**EXERCISE DETAILS:** What you return should be the full listing, word for word, without a single image.

**GIVEN INFORMATION:**
:::::
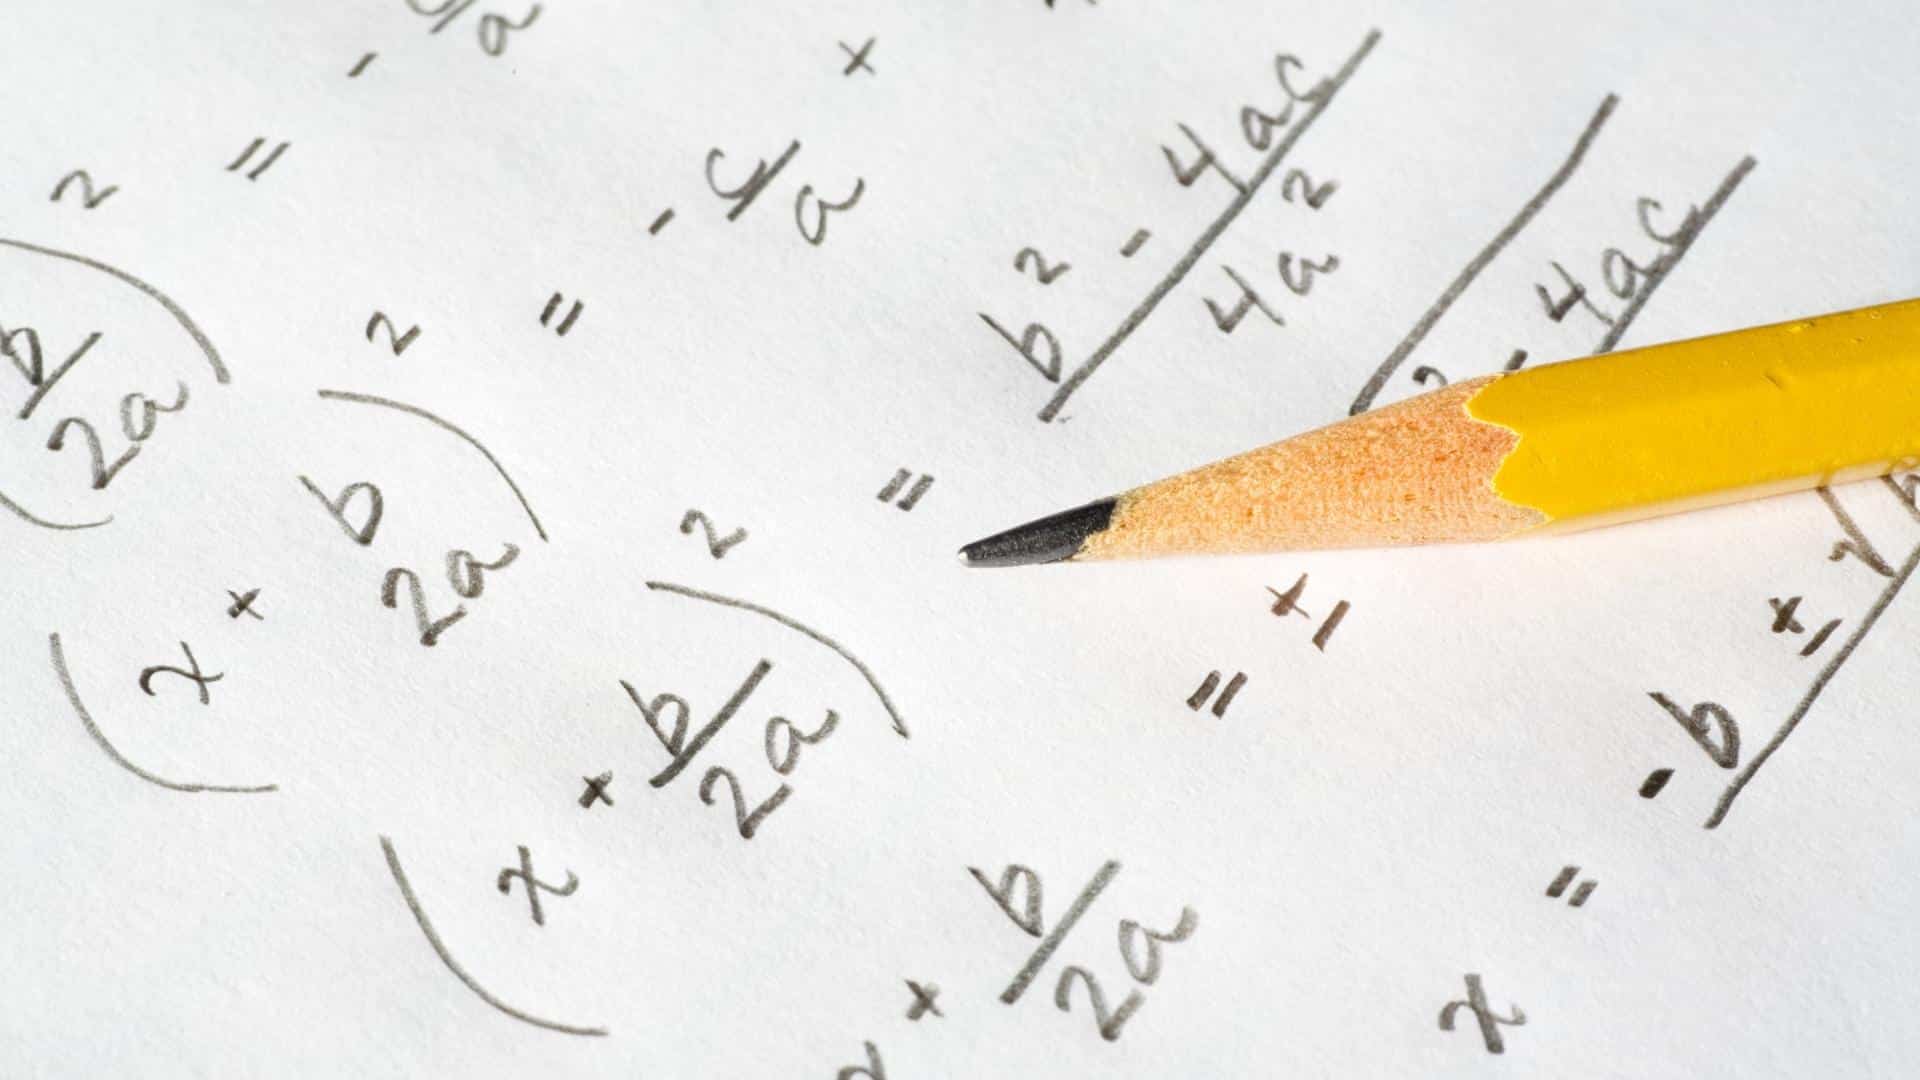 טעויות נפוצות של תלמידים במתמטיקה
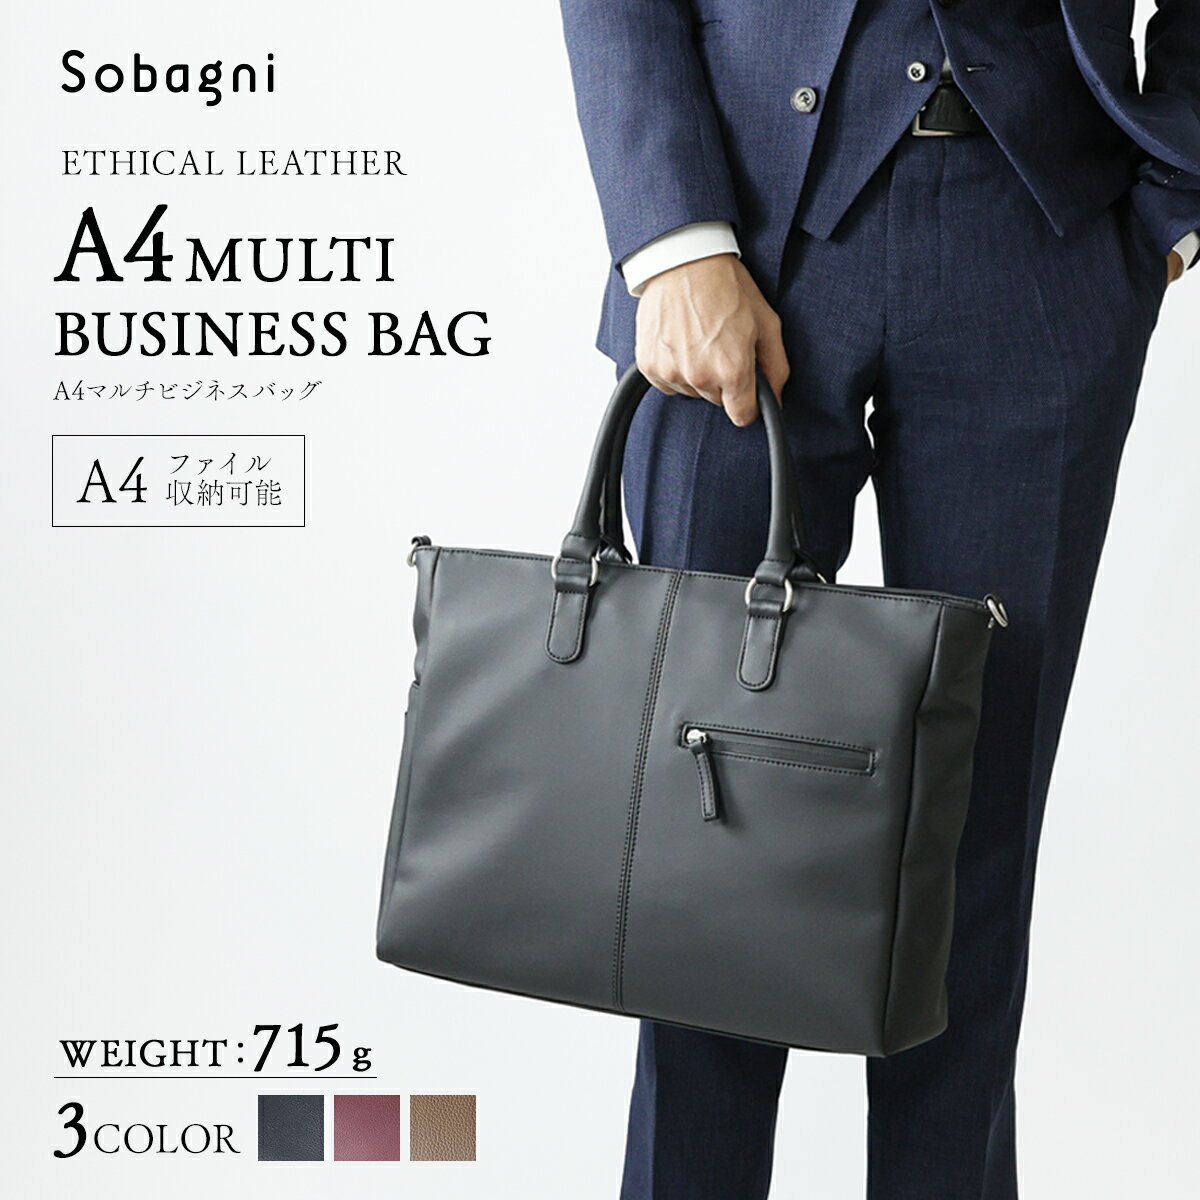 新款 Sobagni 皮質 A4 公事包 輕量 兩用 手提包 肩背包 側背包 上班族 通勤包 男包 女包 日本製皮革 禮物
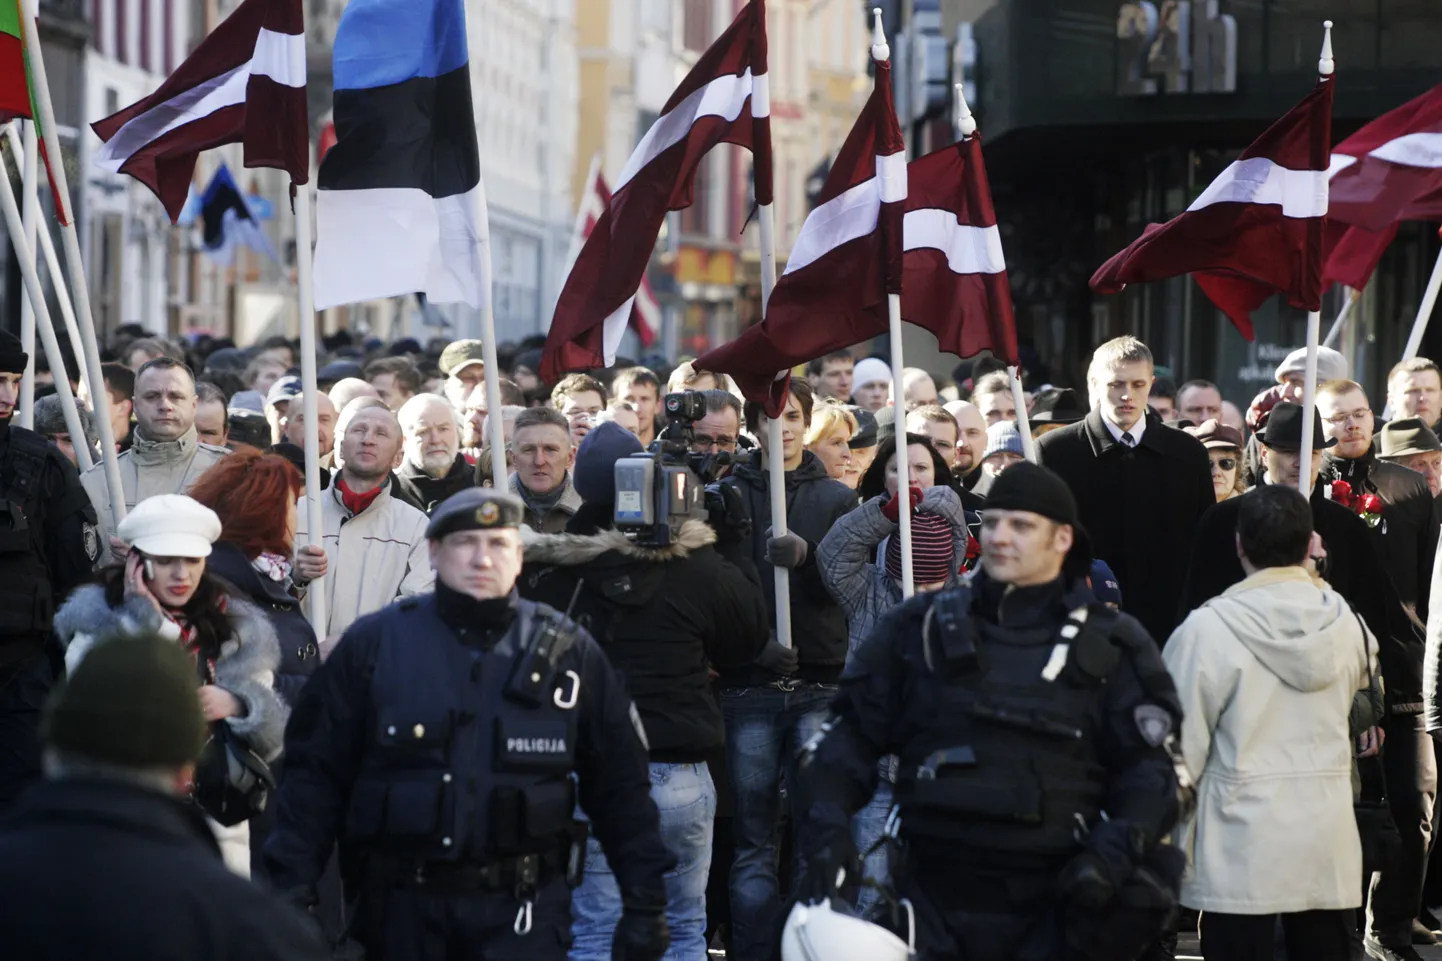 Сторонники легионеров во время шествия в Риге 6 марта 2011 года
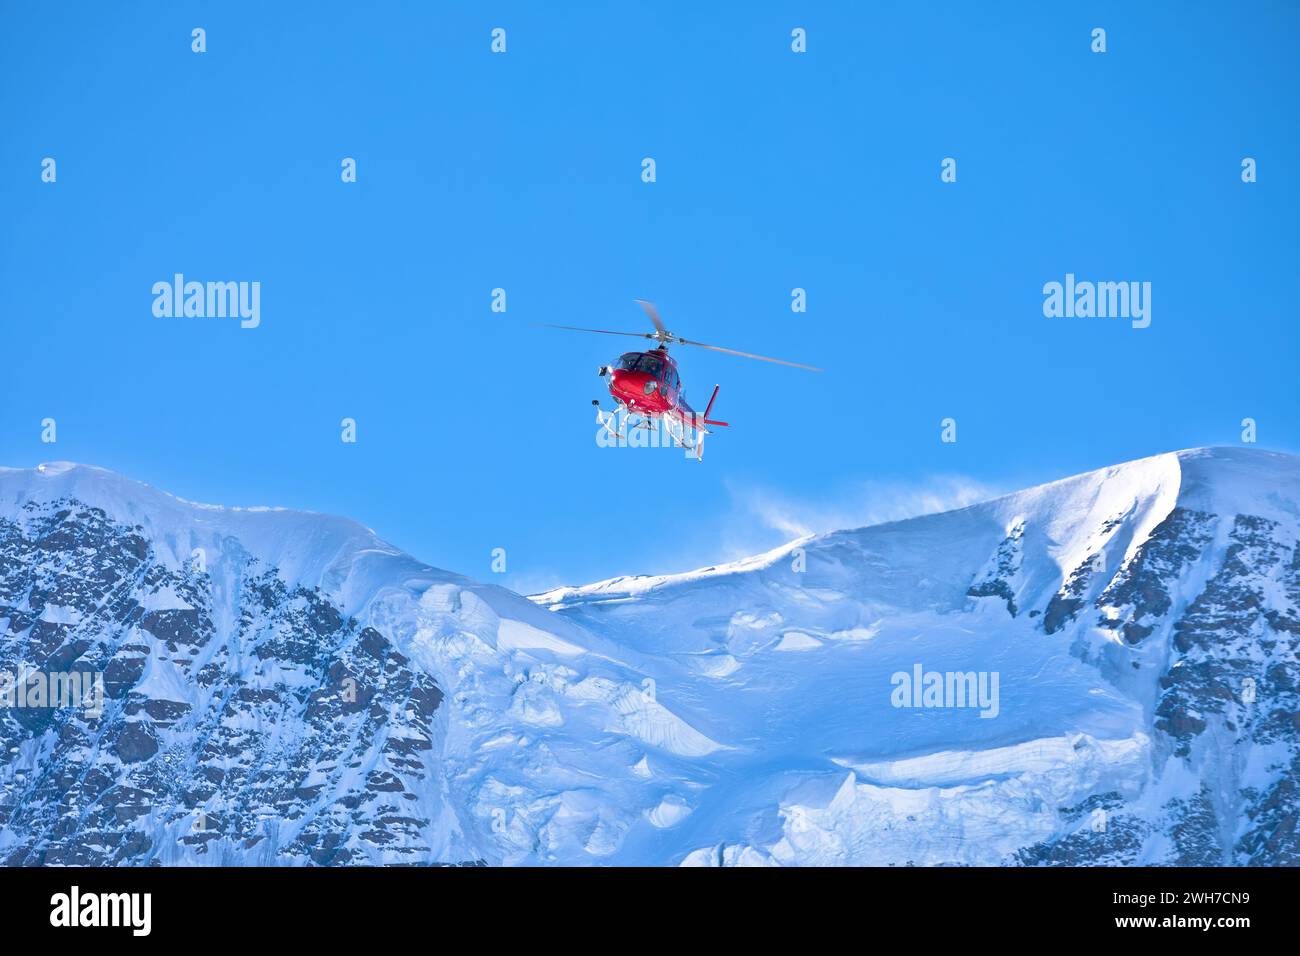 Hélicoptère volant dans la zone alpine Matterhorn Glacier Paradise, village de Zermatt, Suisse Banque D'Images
:::::
**SOLUTION FOR THIS EXERCISE:**
 טעויות נפוצות של תלמידים במתמטיקה
 新款 Sobagni 皮質 A4 公事包 輕量 兩用 手提包 肩背包 側背包 上班族 通勤包 男包 女包 日本製皮革 禮物
 Сторонники легионеров во время шествия в Риге 6 марта 2011 года
 Hélicoptère volant dans la zone alpine Matterhorn Glacier Paradise, village de Zermatt, Suisse Banque D'Images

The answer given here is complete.